| Records shown |
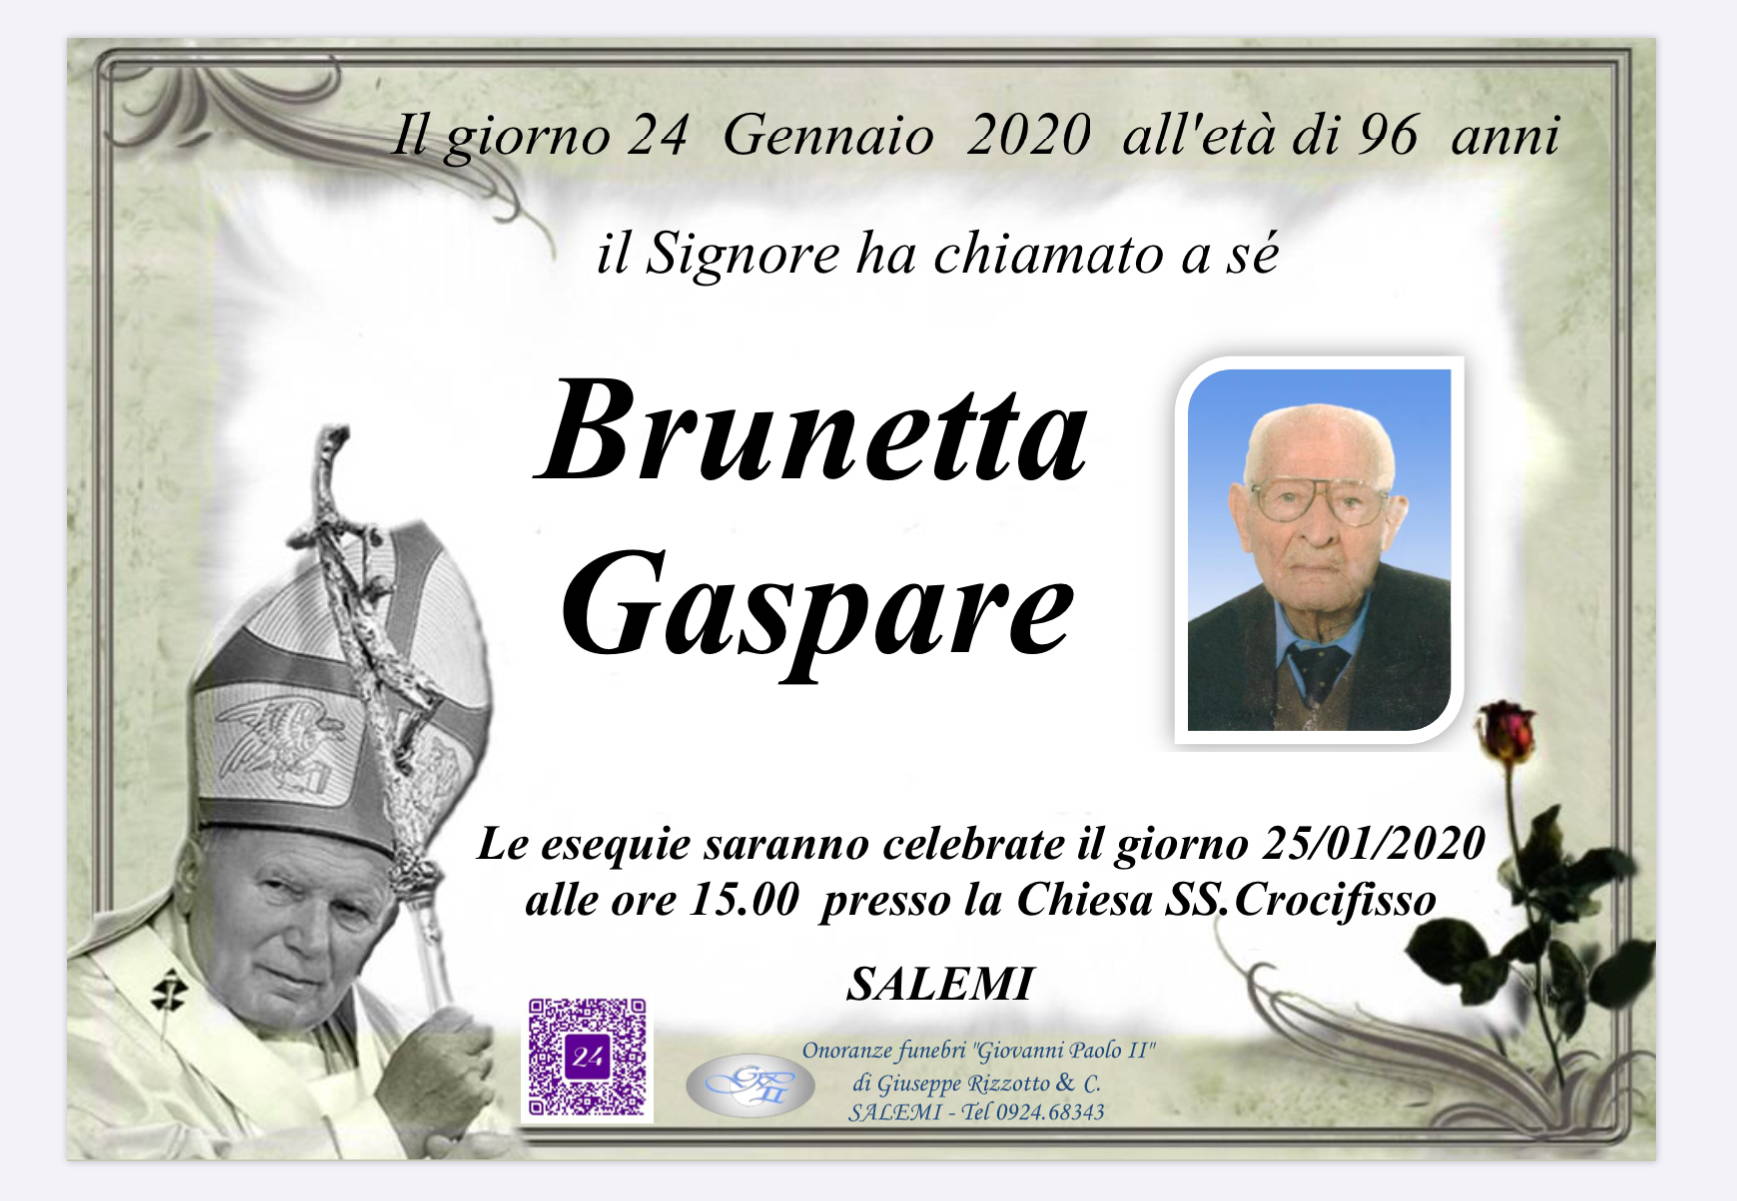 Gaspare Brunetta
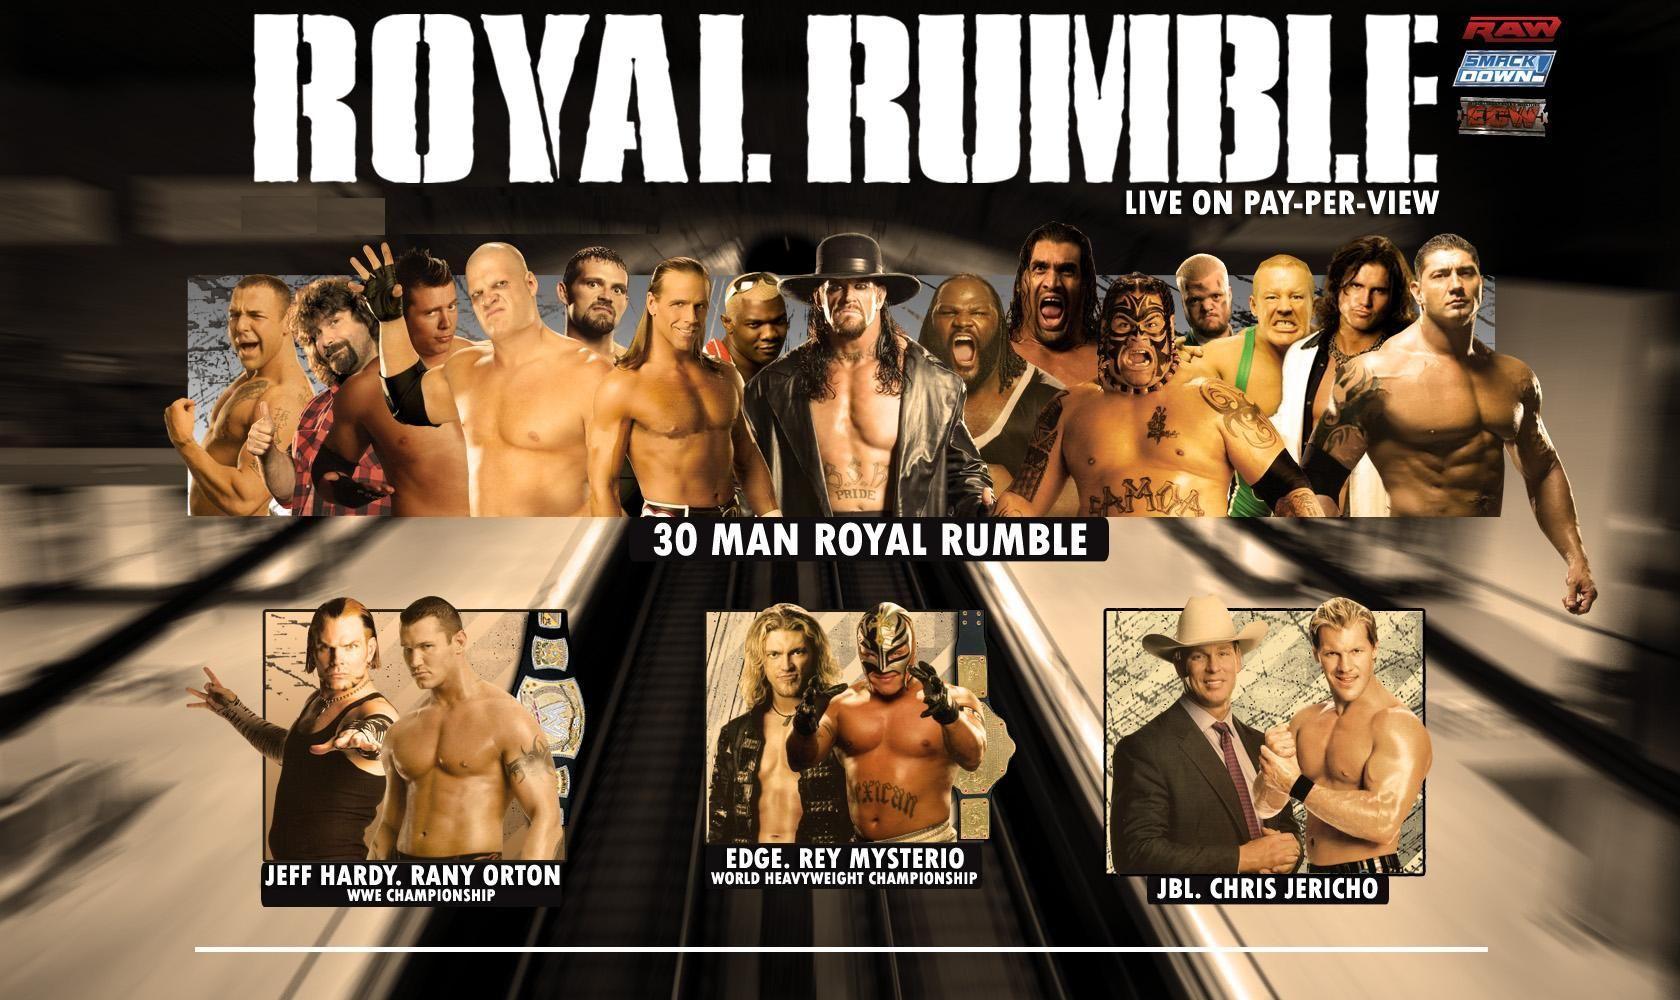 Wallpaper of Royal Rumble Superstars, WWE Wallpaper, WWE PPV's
...
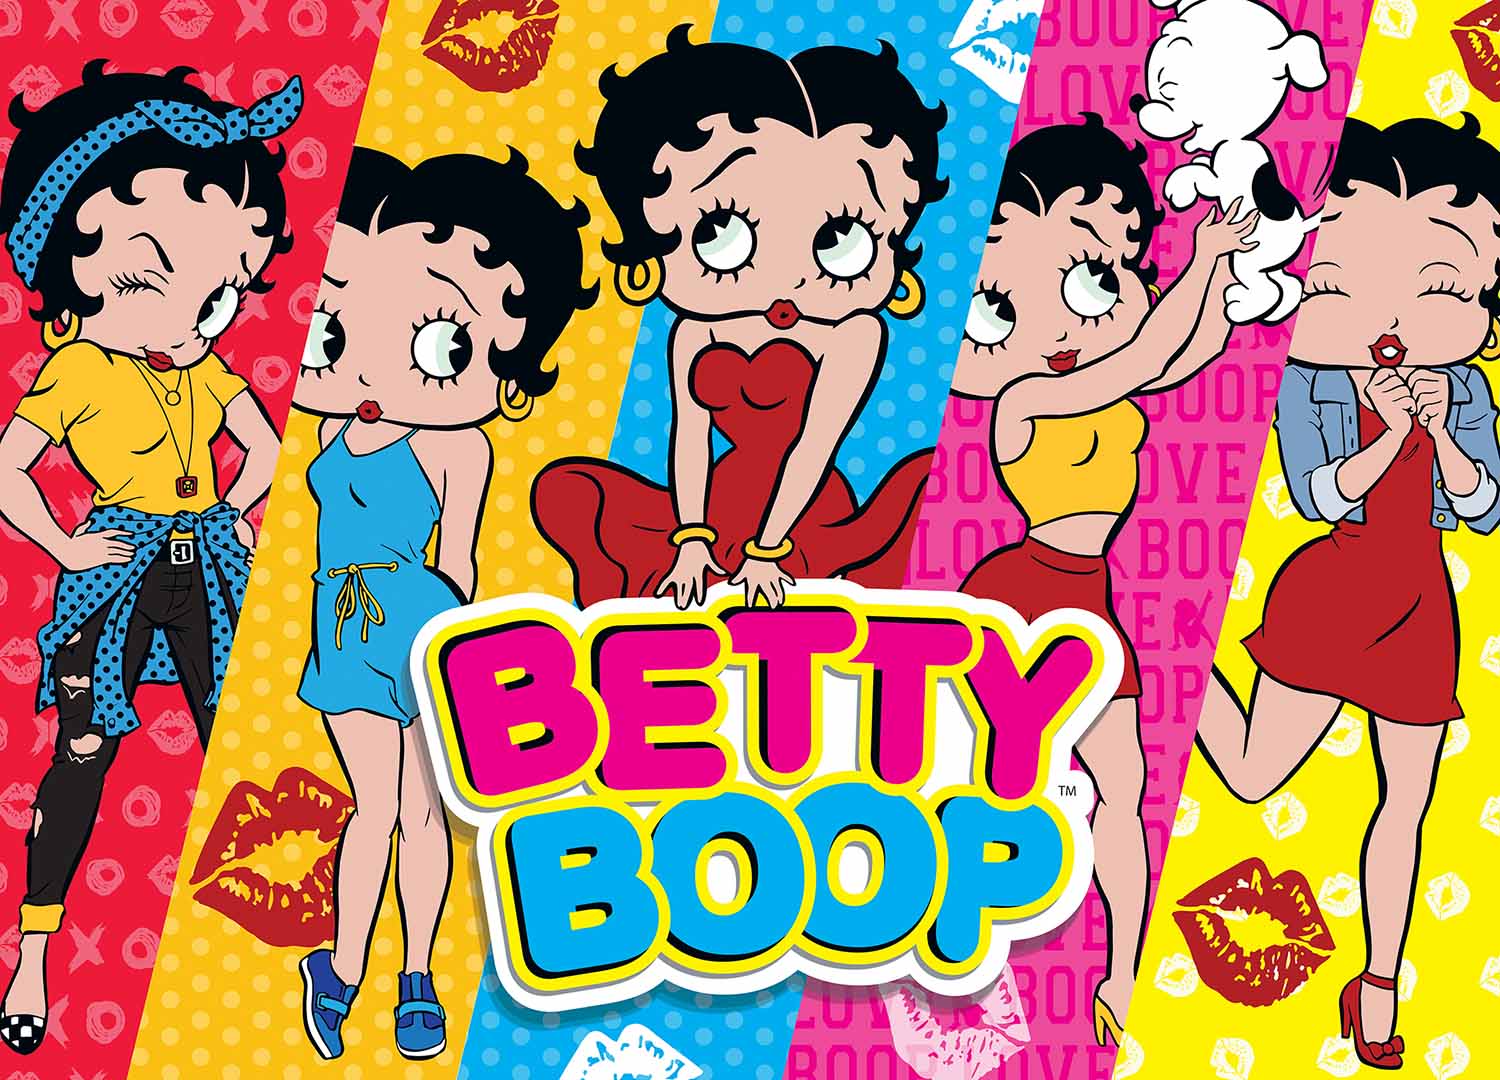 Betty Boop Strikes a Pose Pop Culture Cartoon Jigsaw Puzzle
...
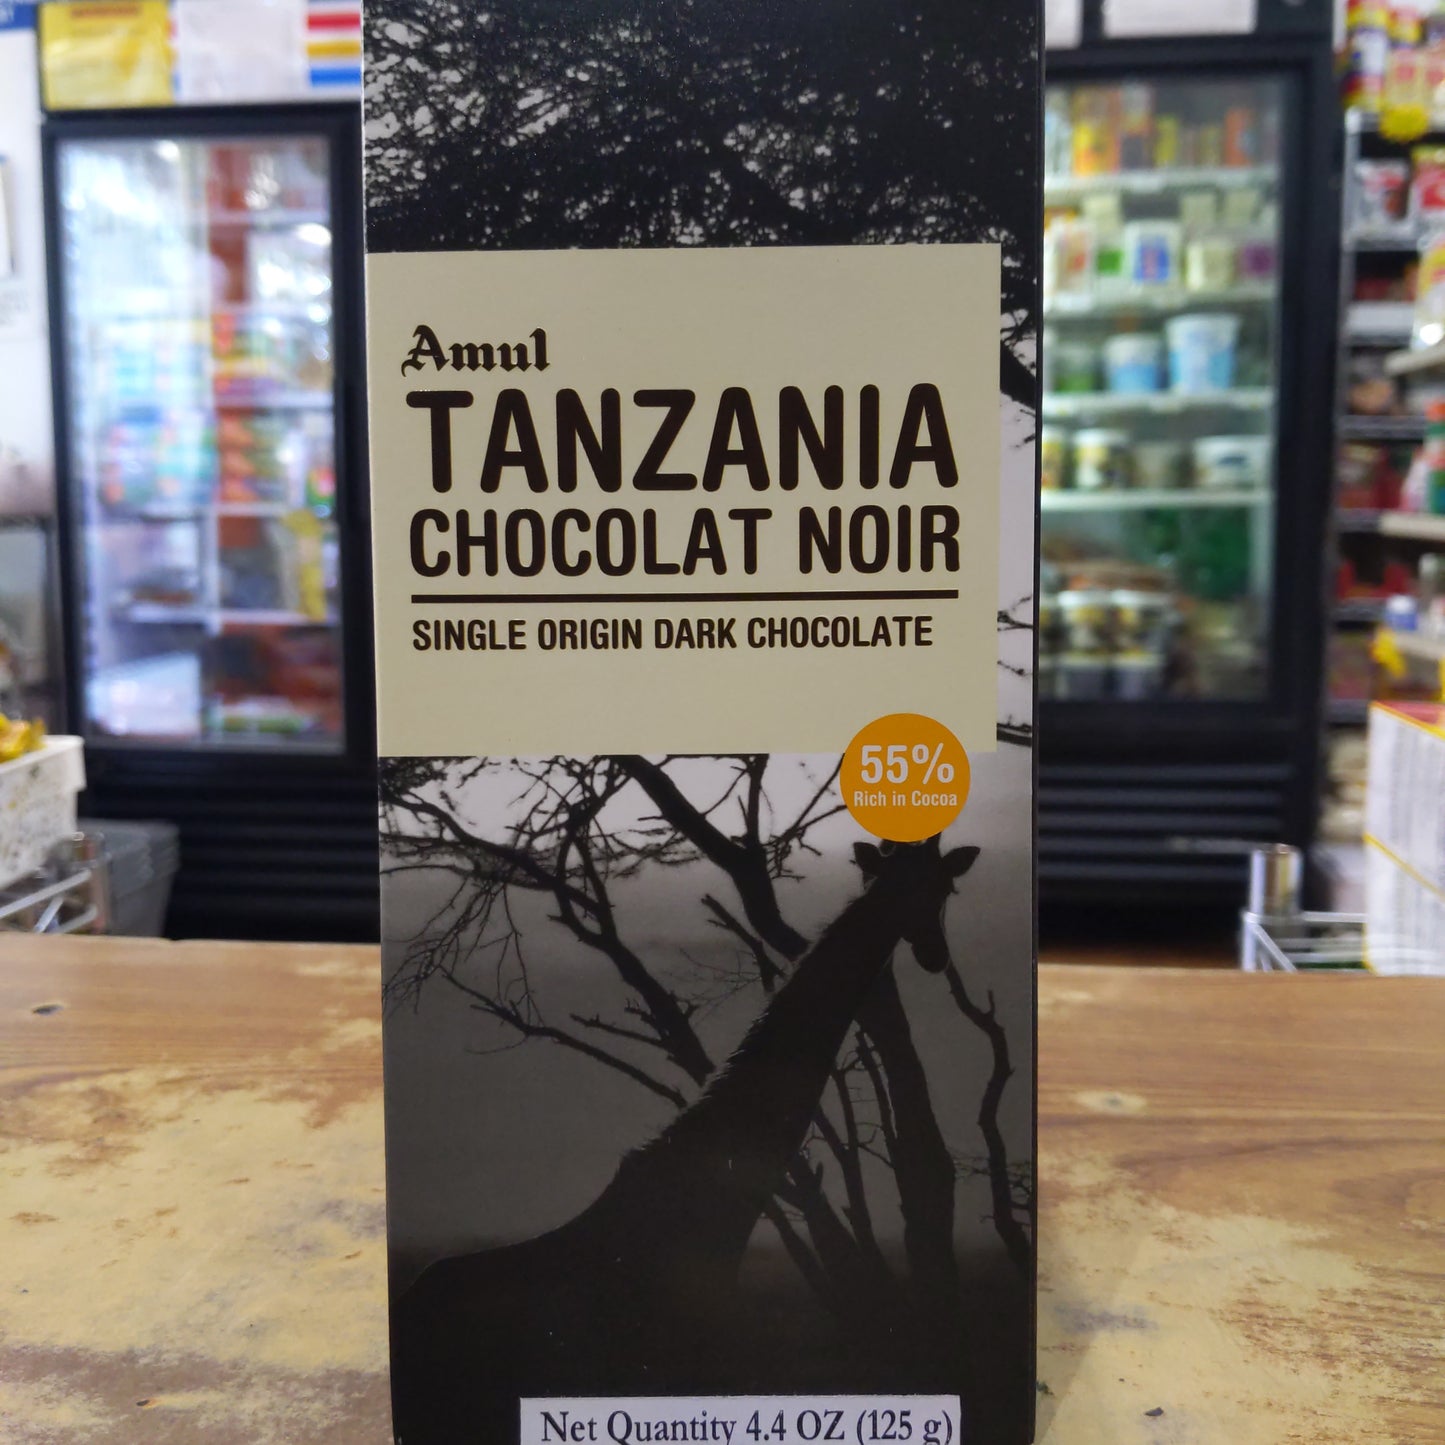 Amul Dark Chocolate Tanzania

| Activity |
After locating "Gaspare Brunetta" and "Wallpaper of Royal" in the records above, return exactly the line holding each one and every line between them; leave out the pictures.

| Exercise solution |
 Gaspare Brunetta
 Wallpaper of Royal Rumble Superstars, WWE Wallpaper, WWE PPV's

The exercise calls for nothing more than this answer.